My ears failed me, I think a marching band could have marched through the office in that moment and I wouldn't have heard it.
Cancer? Cancer? CANCER?

I remember thinking before I went into the office, I kind of had a bad feeling a foreboding about the whole situation.  A pending sort of doom feeling. I guess I already knew but didn't want to know.

I've never told anyone until now that I feared years ago that I might get cancer. My grandma had cancer, lung cancer that ultimately took her life.  I was afraid to hug her or touch her, I was so afraid of "catching it".  Rationally I knew even as a 12 year old that I couldn't catch cancer.  I don't know why I felt that way, but I did.  She has been gone now 19 years, in some ways I still feel guilty for it.
My worst fear, the thing that terrified my nights as a child had in fact become my reality.

How can the world move on as though nothing has changed.  I walked out and into the sunshine of a glorious summer day, the sky was as clear as crystal and brilliantly blue.  I felt the warmth on my face but I felt cold, chilled even.  Didn't the world know?  Did it not care that I have cancer?  It moved right on by without pausing.

I was "only" 32 when I received my diagnosis.  My children are so young my baby is only 2 and it scared me to death that I would not be around for them.  I watched the cancer eat my grandma from a 200 pound robust healthy woman to a frail 90 pounds before it robbed us, and she had to leave.

I thought what am I going to do?
A thought came into my mind just as loud and clear as if it had been shouted in my head.  Move past the fear.  Today you are here, what are you going to do with today?

MOVE PAST the FEAR, MOVE PAST the FEAR has become my mantra.  I have cancer but I am not dying from it.  I am living with it.

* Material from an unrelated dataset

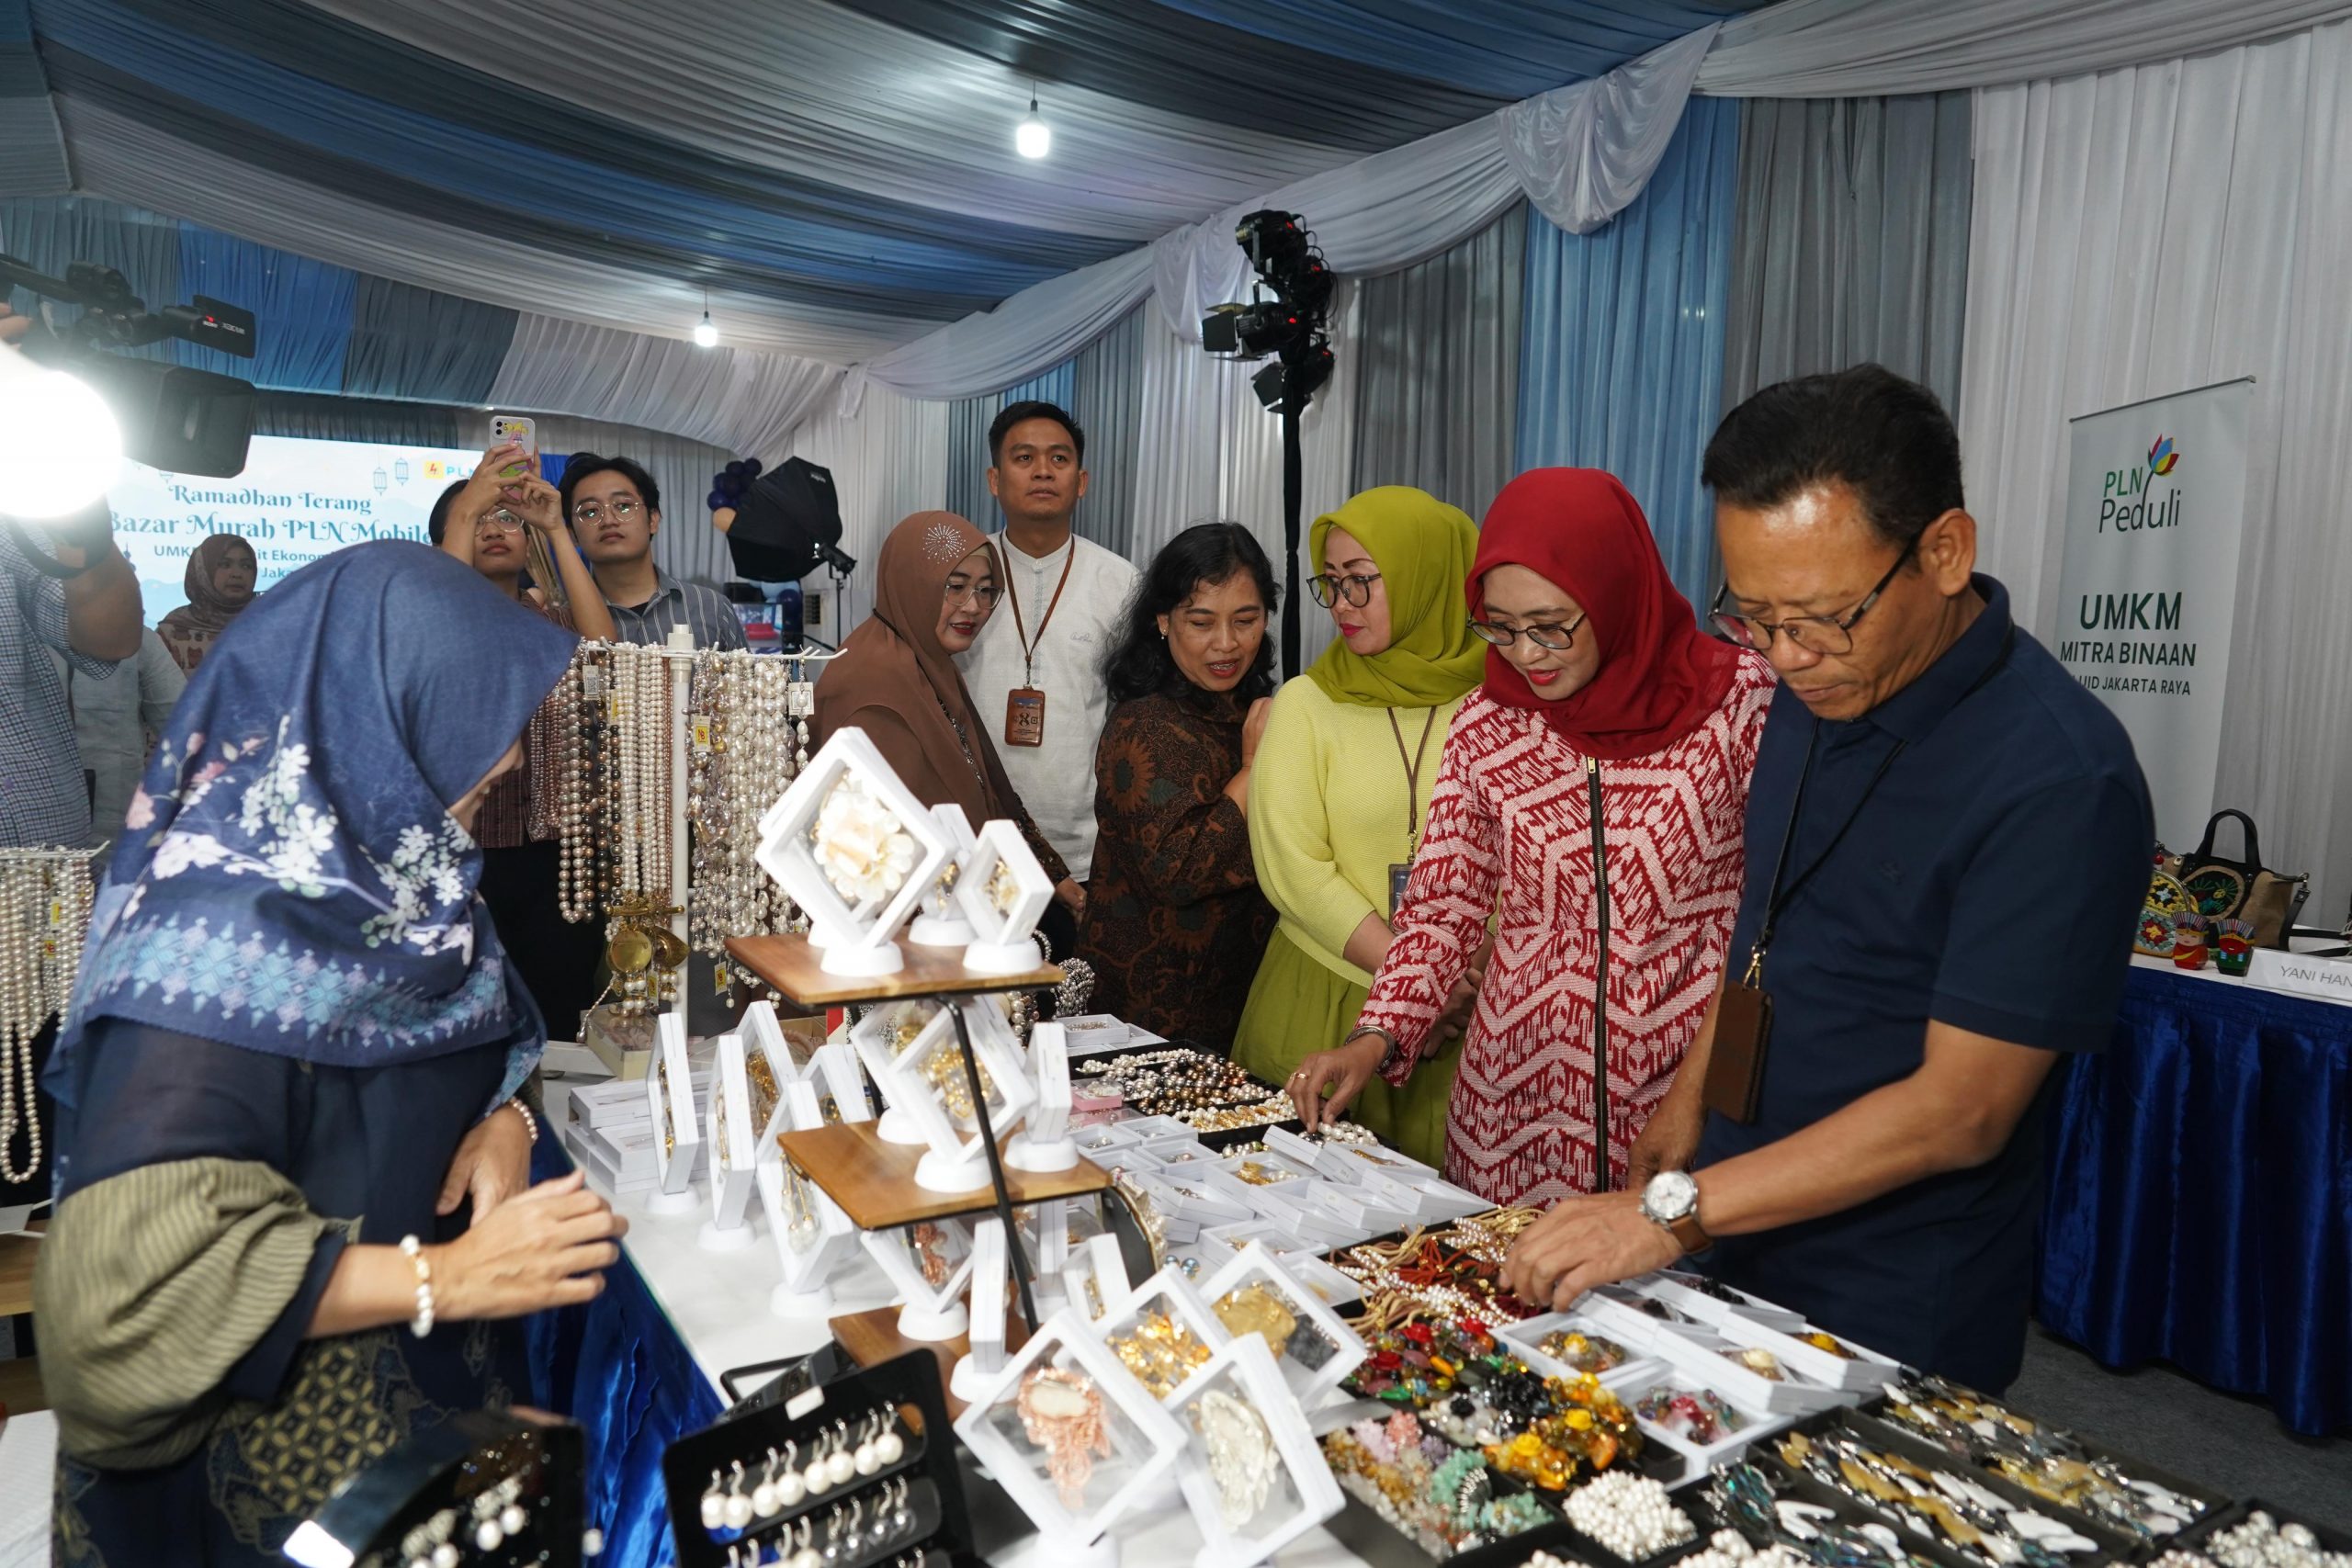 Berkah Ramadan Terang, PLN UID Jakarta Raya Salurkan 2250 Paket Sembako Melalui Bazar Murah

The one thing cancer has taught me is to appreciate life more.  I will take a lazy morning and pull my children into bed and watch a Shirley Temple Movie, or I will go and throw snow balls in the back yard.  Before cancer, I was always SOOOO busy.  Busy, doing what?  I don't know but what ever it was isn't as important as what I am doing today.  Today, yes I think we'll  be coloring Scooby-doo pictures sprawled belly down on my living room floor.  And have popcorn and hot cocoa for lunch, my 5 year old always ask for it, and I say "Sure why not"?

I take cancer for what it is, an extra reminder, to be alive. I am more and more grateful for it.     Hmmm who would have thought anyone could be grateful for cancer?

As I become more grateful everyday, I have learned to appreciate the more common aspects of my life on a deeper level. The smell of morning rain.  The feel of the comforter on our bed, my goodness it's so fluffy.  My husbands breath as he sleeps.  Children fighting over staying up a little later or who gets what ice cream 

Paying close attention to things like that is what keeps me in touch with what’s real.  That is exactly what today’s post is about.  So many people spend their lives trying to do and buy so much, that they get distracted from what’s real in their lives.  Human connection is real.  Love is real.  Nature is real.  These are the things that make life as amazing as it is, and these are the things that should be cherished the most.

1 comment:

  1. Sarah, I love you all the day long. You are so amazing. I hope you know that! You are a light shining in my life. You are beautiful, fun, and soooooooooo soosooooo smart. I am grateful to know you. I truly am. Thanks for letting me call you Friend.